В зале как будто хлопали крыльями сотни куриц, с хор кто-то кричал:

– Украиньску-у!

На лестницу вбежали двое молодых людей с корзиной цветов, навстречу им двигалась публика, – человек с широкой седой бородой, одетый в поддевку, говорил:

– Обаятельно! Вот это – наше! Это – Русь!

К Самгину подошла Марина в темно-красном платье, с пестрой шалью на груди.

– Пойдем вниз, там чаю можно выпить, – предложила она и, опускаясь с лестницы, шумно вздохнула:

– До чего прелестно украшается она песнями, и какая чистота голоса, вот уж, можно сказать, – светоносный голосок!

У нее дрожали брови, когда она говорила, – она величественно кивала головой в ответ на почтительные поклоны ей.

– Я плохой ценитель народных песен, – сухо выговорил Самгин.
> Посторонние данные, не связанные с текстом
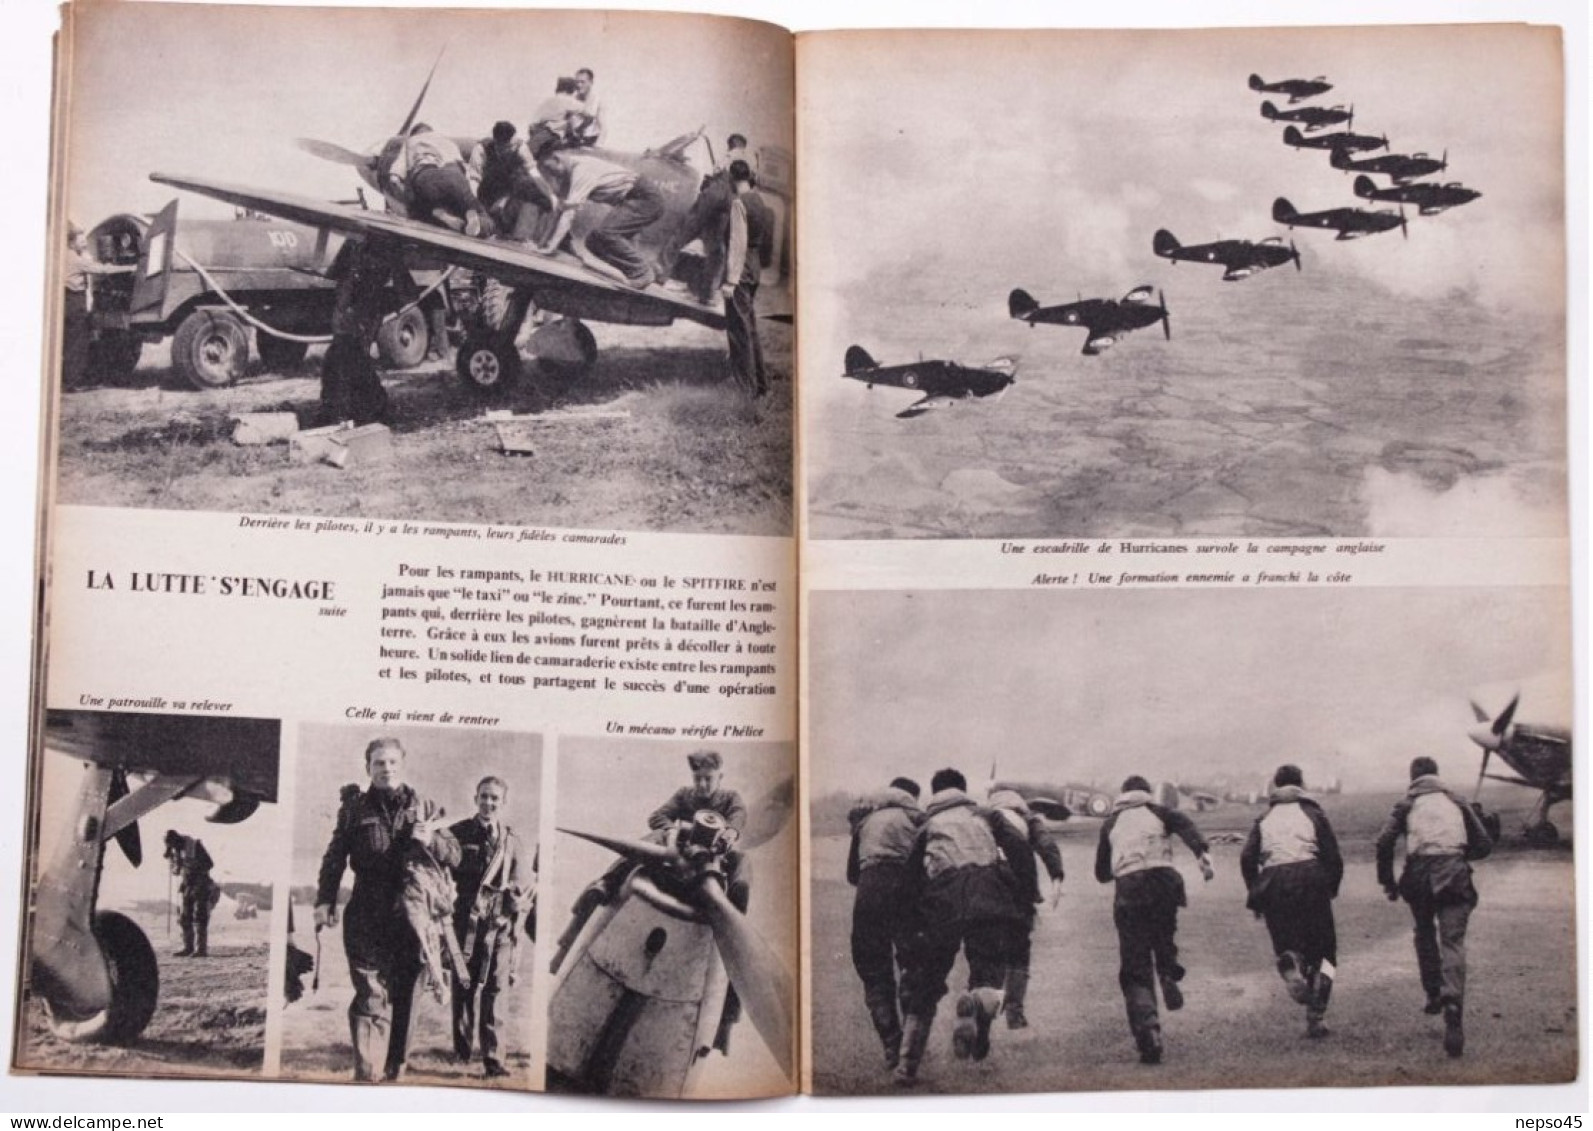 Le tournant de la Guerre.le R.A.F.première défaite allemande.Imprimé pour Service d'Information britannique.

– Одно дело – песня, другое – пение.

Идти рядом с Мариной Самгину было неловко, – горожане щупали его бесцеремонно любопытными взглядами, поталкивали, не извиняясь. Внизу в большой комнате они толпились, точно на вокзале, плотной массой шли к буфету; он сверкал разноцветным стеклом бутылок, а среди бутылок, над маленькой дверью, между двух шкафов, возвышался тяжелый киот, с золотым виноградом, в нем – темноликая икона; пред иконой, в хрустальной лампаде, трепетал огонек, и это придавало буфету странное сходство с иконостасом часовни. А когда люди поднимали рюмки – казалось, что они крестятся. Где-то близко щелкали шары биллиарда, как бы ставя точки поучительным словам бородатого человека в поддевке:

– Напомнить в наши дни о старинной, милой красоте – это заслуга!

Налево, за открытыми дверями, солидные люди играли в карты на трех столах. Может быть, они говорили между собою, но шум заглушал их голоса, а движения рук были так однообразны, как будто все двенадцать фигур были автоматами.

Марина, расхваливая певицу вполголоса, задумчиво села в угол, к столику, и, спросив чаю, коснулась пальцами локтя Самгина.